Наследующий день, едва только стемнело, Арэлл, одетая в новый хитон с золотым шитьем по краю и полупрозрачную паллу, полулежала в носилках рядом с Лоллой. Будущая золовка, почти невидимая в душном полумраке, ерзала от нетерпения на подушках, цепляясь своими жемчугами за одежду элланки, и болтала без умолку. О том, как она счастлива; какой у нее замечательный брат и как приятно прокатиться ночью на корабле. Слушая ее легкомысленное трещание, Арэлл впала в легкое равнодушное оцепенение и с трудом подавляла нервную зевоту. Носилки чуть покачивались, полоски света просачивались сквозь неплотно задернутые занавески, слышалось сдержанное гудение толпы и крики солдат, требующих освободить дорогу. Как всегда, в самый неподходящий момент потянуло в сон, и, вместо того чтобы подремать на уютном ложе перед открытым окном, приходилось тащиться на глупый праздник. Изображать там веселье и удовольствие. «Зачем я притворяюсь?! Зачем вообще согласилась ехать?! Машинально. По привычке. Чтобы не быть одной. Чтобы не думать и не выискивать в привычных вещах признаки смерти».
И если бы действительно получалось забыться, почувствовать себя счастливой от ощущения причастности к великолепной публике, наслаждаться вкусной едой и необременительным флиртом.

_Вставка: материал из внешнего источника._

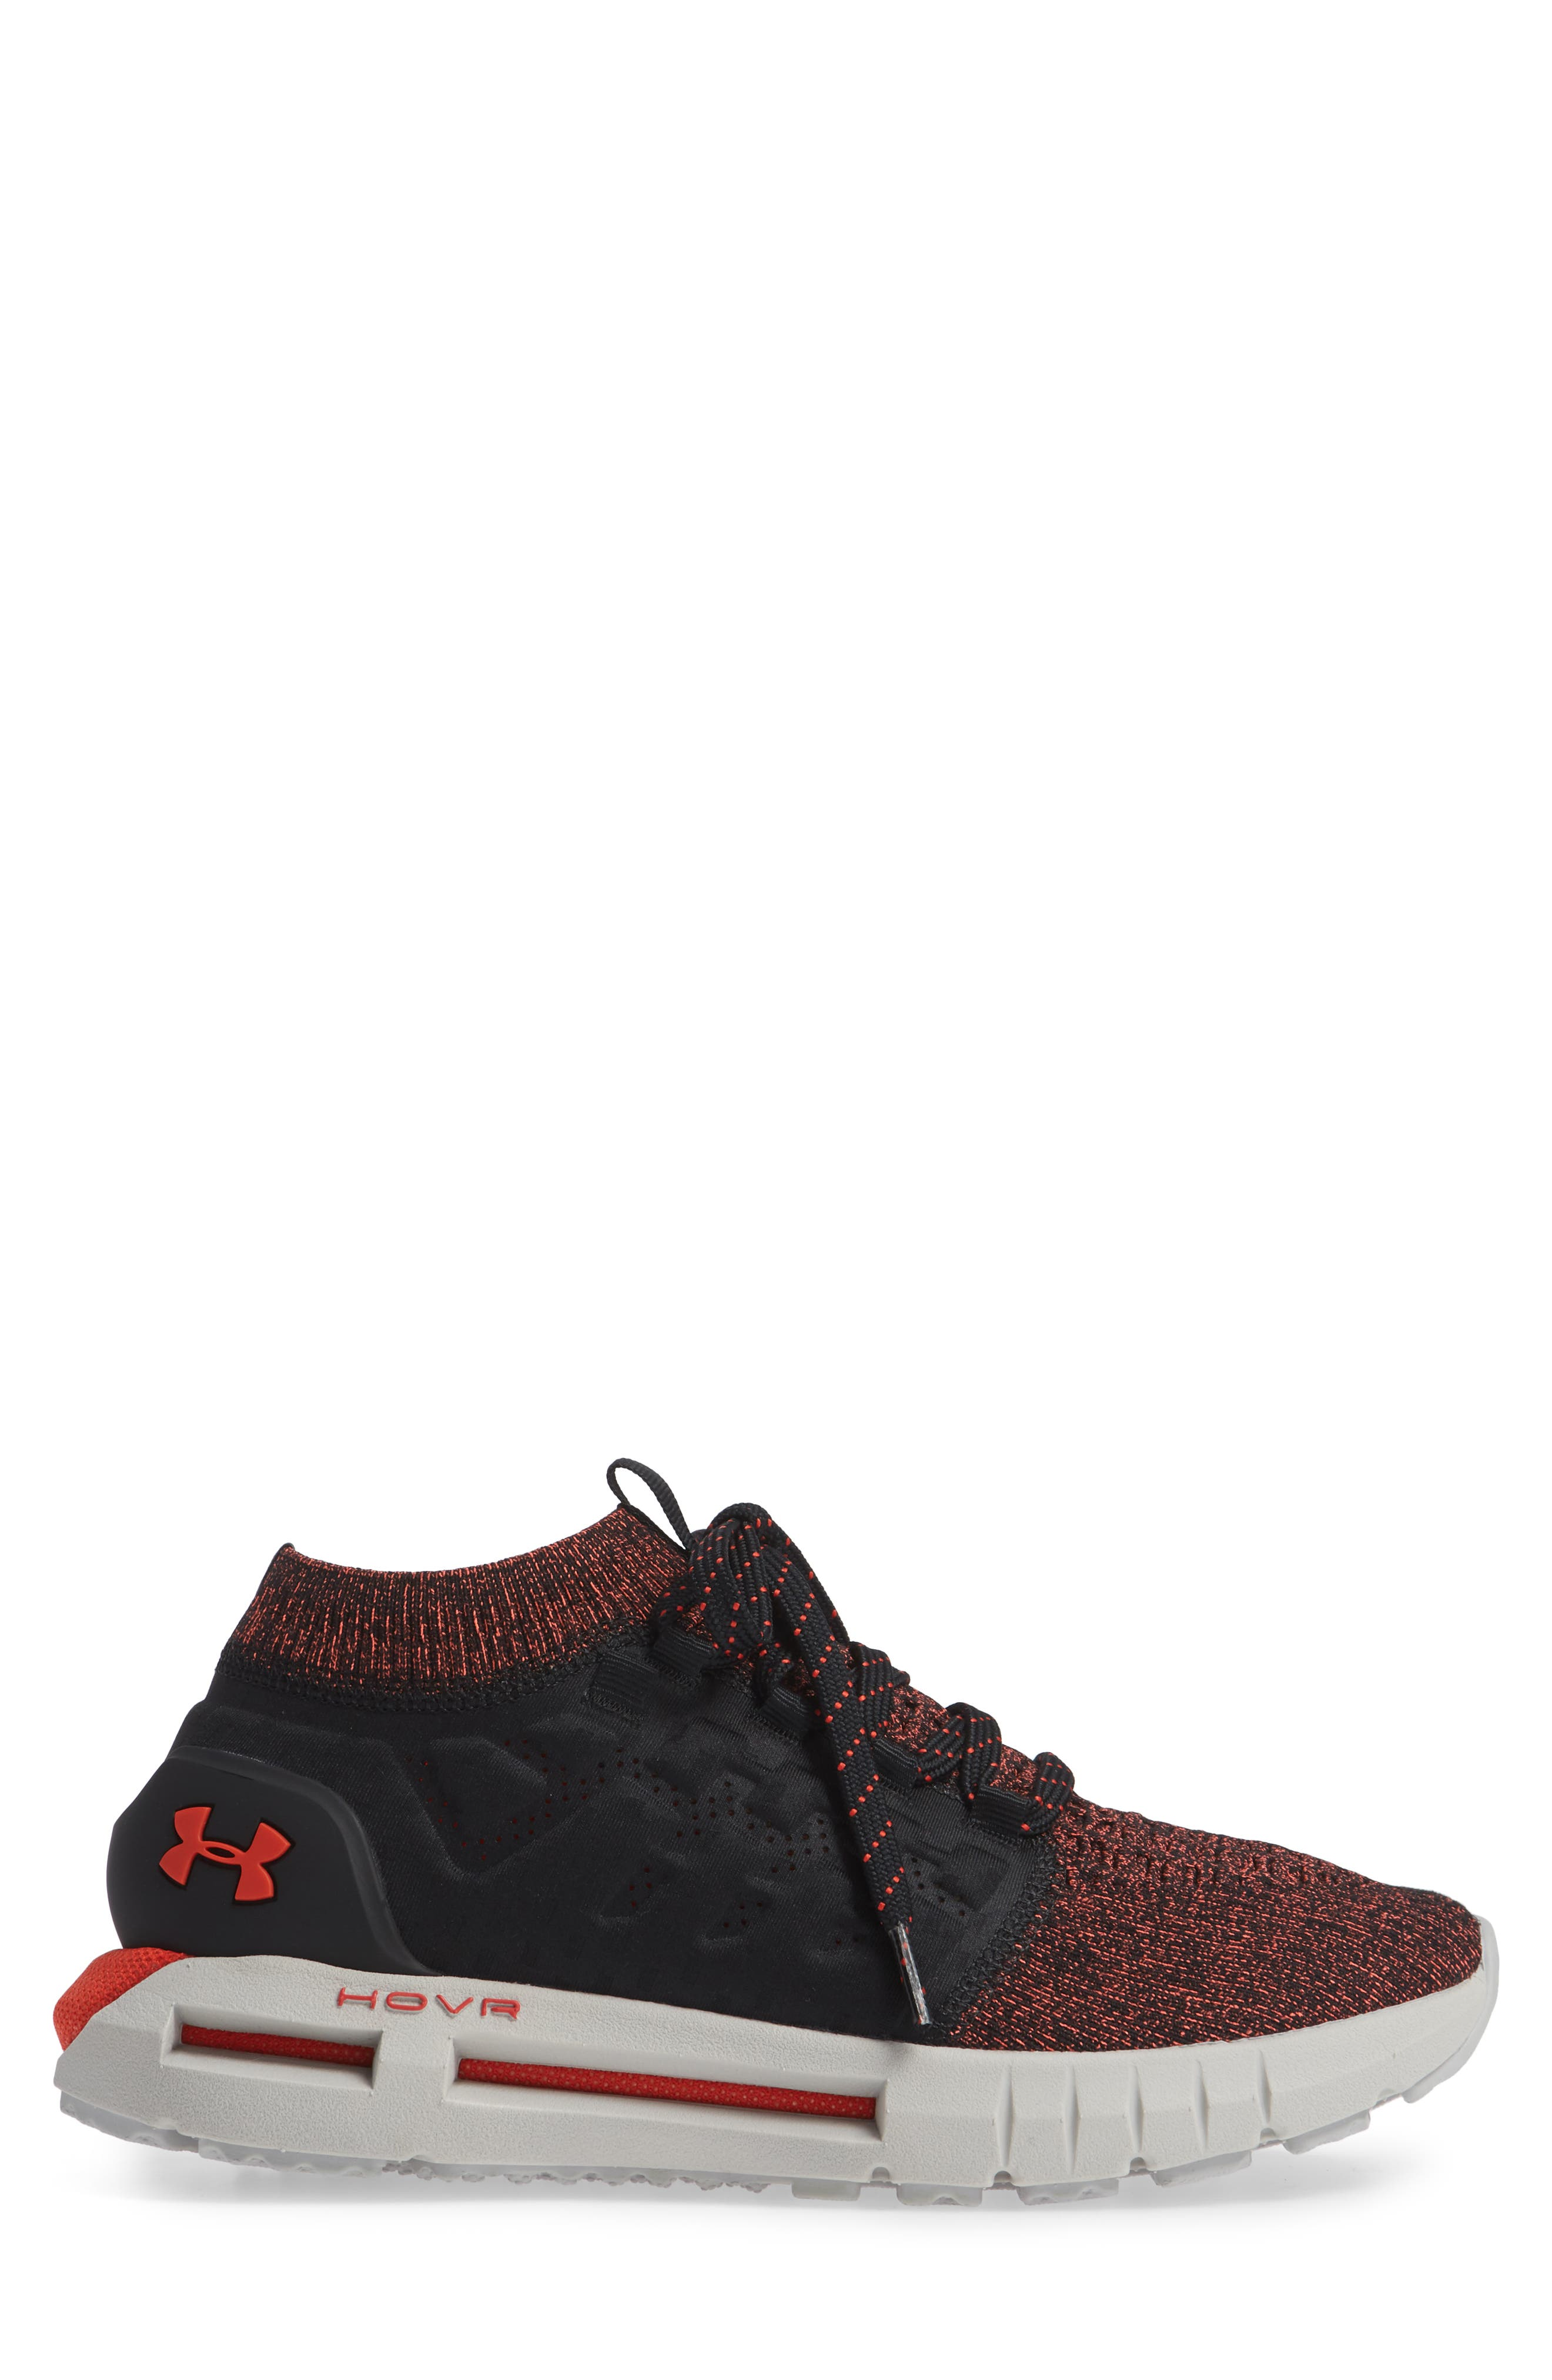 HOVR Phantom NC Sneaker,                             Alternate thumbnail 4, color,                             Black/ Ghost Grey/ Radio Red

Так ведь нет, обязательно в самый неподходящий момент — например, во время умной беседы с Цензором Тремулом Марцием — вспомнится, что он содержит публичный дом, который часто используется для Демонических оргий. И отвратителен станет этот любезный, образованный человек, захочется немедленно сказать ему гадость. Или консул Септимий — прекрасный семьянин нежный отец семерых детей, собиратель древностей, — По приказу которого был убит второй претендент на его должность. Отравлен каким-то тонким ядом, не оставляющим следов. Все об этом знали, судачили между собой и потихоньку восхищались ловкостью, с которой все было проделано. Или, к примеру, сенатор Порций Ферст, недавно вернувшийся из южной провинции империи. Он считал себя экспертом в области изготовления и окраски шелковых тканей. В изобретенный им состав кроме восьмидесяти ингредиентов входила человеческая кровь. Именно поэтому, как он считал, его ткани приобретали такой несравненный, пурпурно-сияющий цвет.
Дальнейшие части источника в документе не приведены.